Preload Corp. v. United States

115 Ct. Cl. 596, 1950 WL 5017
CourtUnited States Court of Claims
DecidedFebruary 6, 1950
DocketNo. 47849
StatusPublished
Cited by1 cases

This text of 115 Ct. Cl. 596 (Preload Corp. v. United States) is published on Counsel Stack Legal Research, covering United States Court of Claims primary law. Counsel Stack provides free access to over 12 million legal documents including statutes, case law, regulations, and constitutions.

Bluebook
Preload Corp. v. United States, 115 Ct. Cl. 596, 1950 WL 5017 (cc 1950).

Opinion

Madden, Judge,

delivered the opinion of the court:

The plaintiff brings this suit under Sections 13 and 17 of the Contract Settlement Act of 1944, which Act is 58 Stat. 649, 41 U. S. Code 101-125. The suit is, in effect, an appeal to this court pursuant to Section 13 (d) (2) of that Act, from the decision of the Appeal Board provided for in Section 13 (d) (1) of the Act. The Appeal Board had affirmed the decision of the Maritime Commission which was adverse to the plaintiff in regard to the items here in suit.

The plaintiff and a Canadian affiliate had been since 1940 in the business of installing plastic armor made of asphalt and gravel or similar material, for the protection of the bridges, gun nests, and other exposed parts of ships. Its method of installation was to bring its equipment to the side of the ship and apply the plastic material directly to the ship. The Government, after some experimentation, decided in February of 1944 to have the plastic material placed in metal pans which, in turn, would be carried to the ship and welded in place. The pans and their contents required for a given ship were known as a shipset. The number and size of the pans needed to make up a shipset varied with the size and type of the ship. The whole operation was known as installing Plastic Protective Plating or PPP.

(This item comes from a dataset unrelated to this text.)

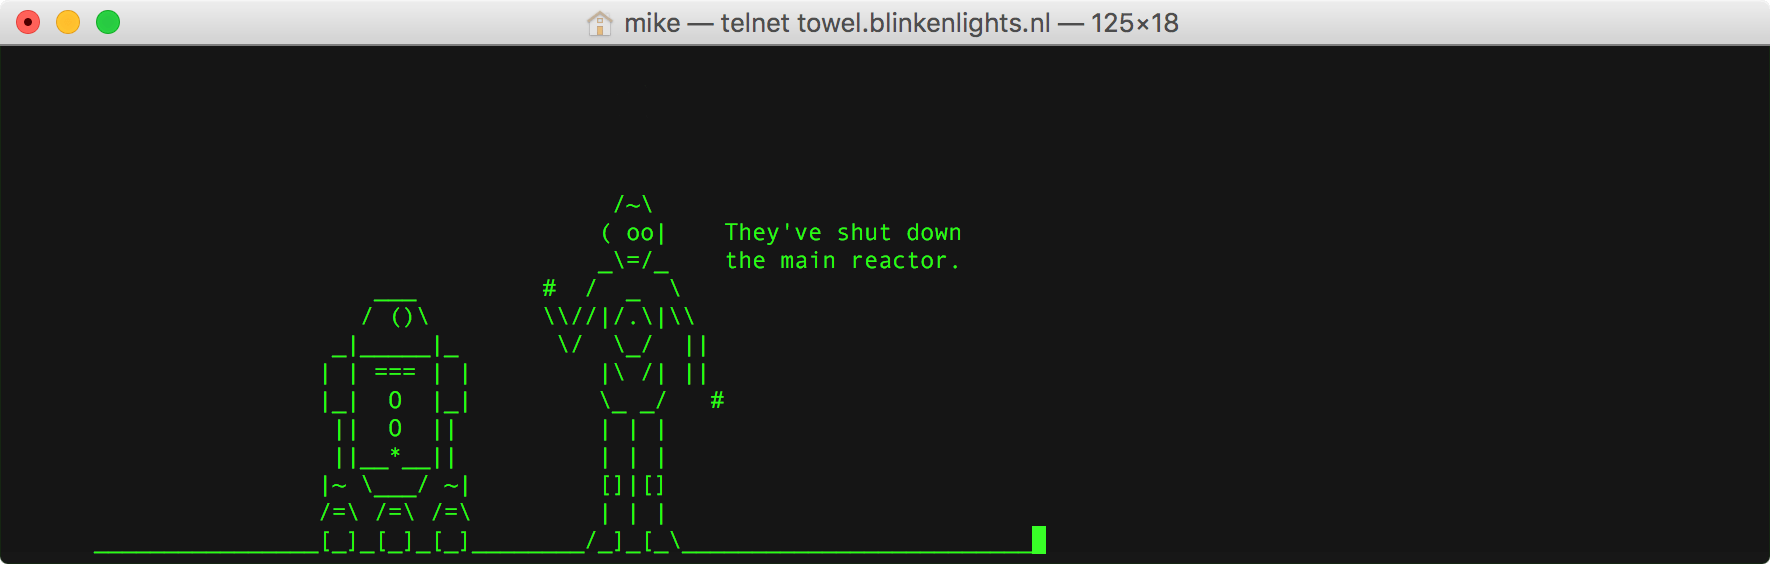 telnet towel.blinkenlights.nl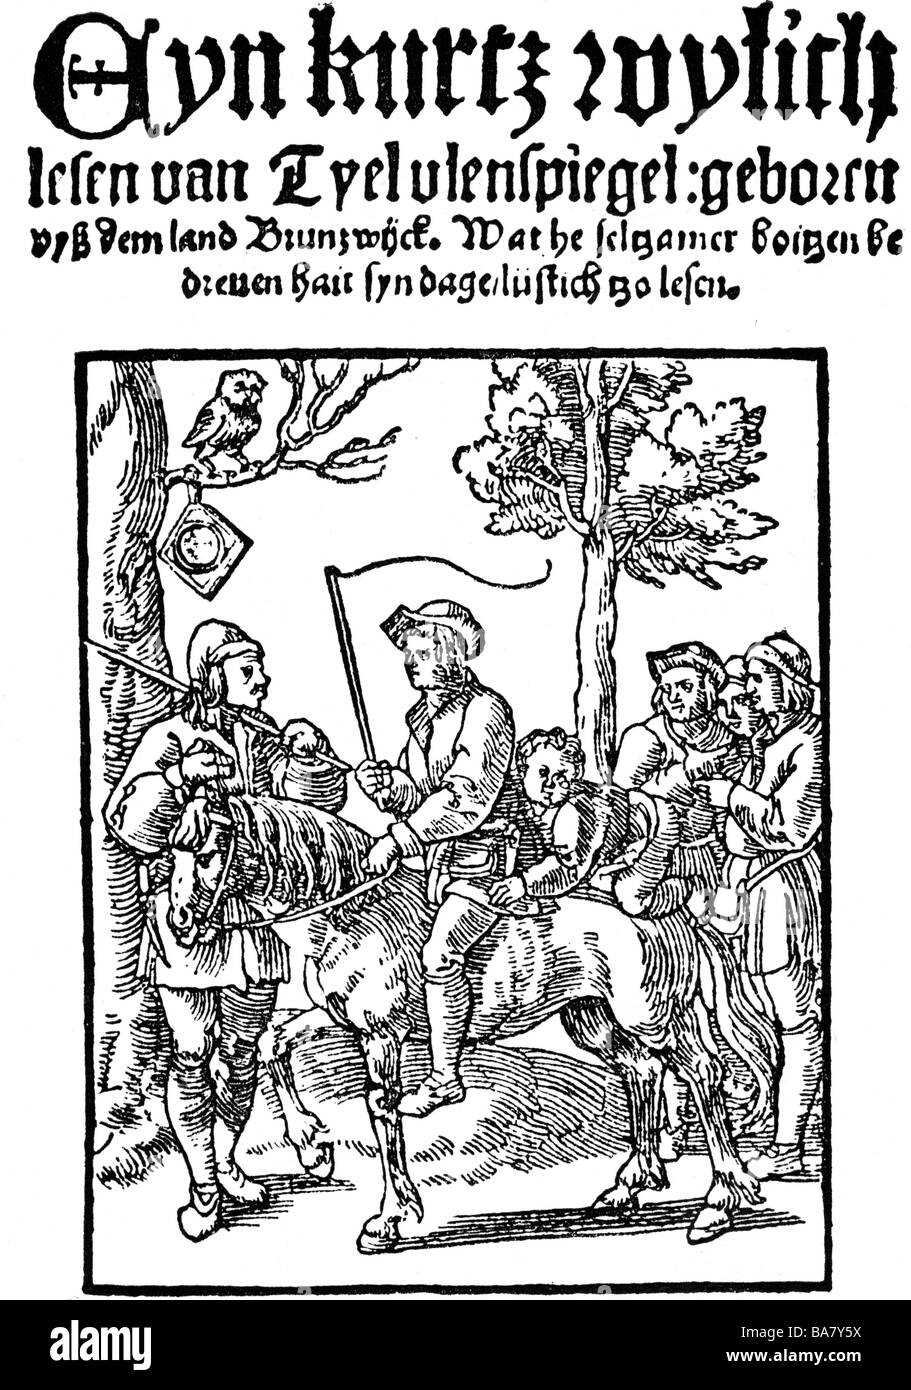 Eulenspiegel, Till (1300 - 1350), deutscher Joker, halbe Länge, Titel "Ain kurzweiig lesen von Tyel Ulenspiegel", gedruckt von Servais Krusster, Köln, ca. 1520 / 1530, Stockfoto

When the new method was decided upon, the Maritime Commission obtained from the Navy Department a list of nine contractors who in the opinion of the Navy were qualified to perform the new operation. The Commission inquired of the nine and found that five of them were interested. Of the five, one, the Flintkote Company, had done experimental work of the new type. The others had not. In February 1944, the Commission issued inquiries and specifications to the five interested contractors soliciting bids on a total of 943 shipsets. Bids were submitted, and the plaintiff’s was the lowest. The Commission became aware that the plaintiff had no factory or equipment in Baltimore for doing the work, though the plaintiff represented that it [622]*622bad adequate equipment elsewhere which could be moved wherever it was needed. The plaintiff said that it could not build a plant and participate in the program unless it had an order. The Commission gave the plaintiff an order for 20 shipsets. The plaintiff built a plant in Baltimore which cost some $15,000, and installed equipment costing some $14,000. It manufactured the 20 shipsets but was far behind the contract time in its delivery of them. Some, at least, of the other interested contractors were given small orders so that they could try their hand at the process.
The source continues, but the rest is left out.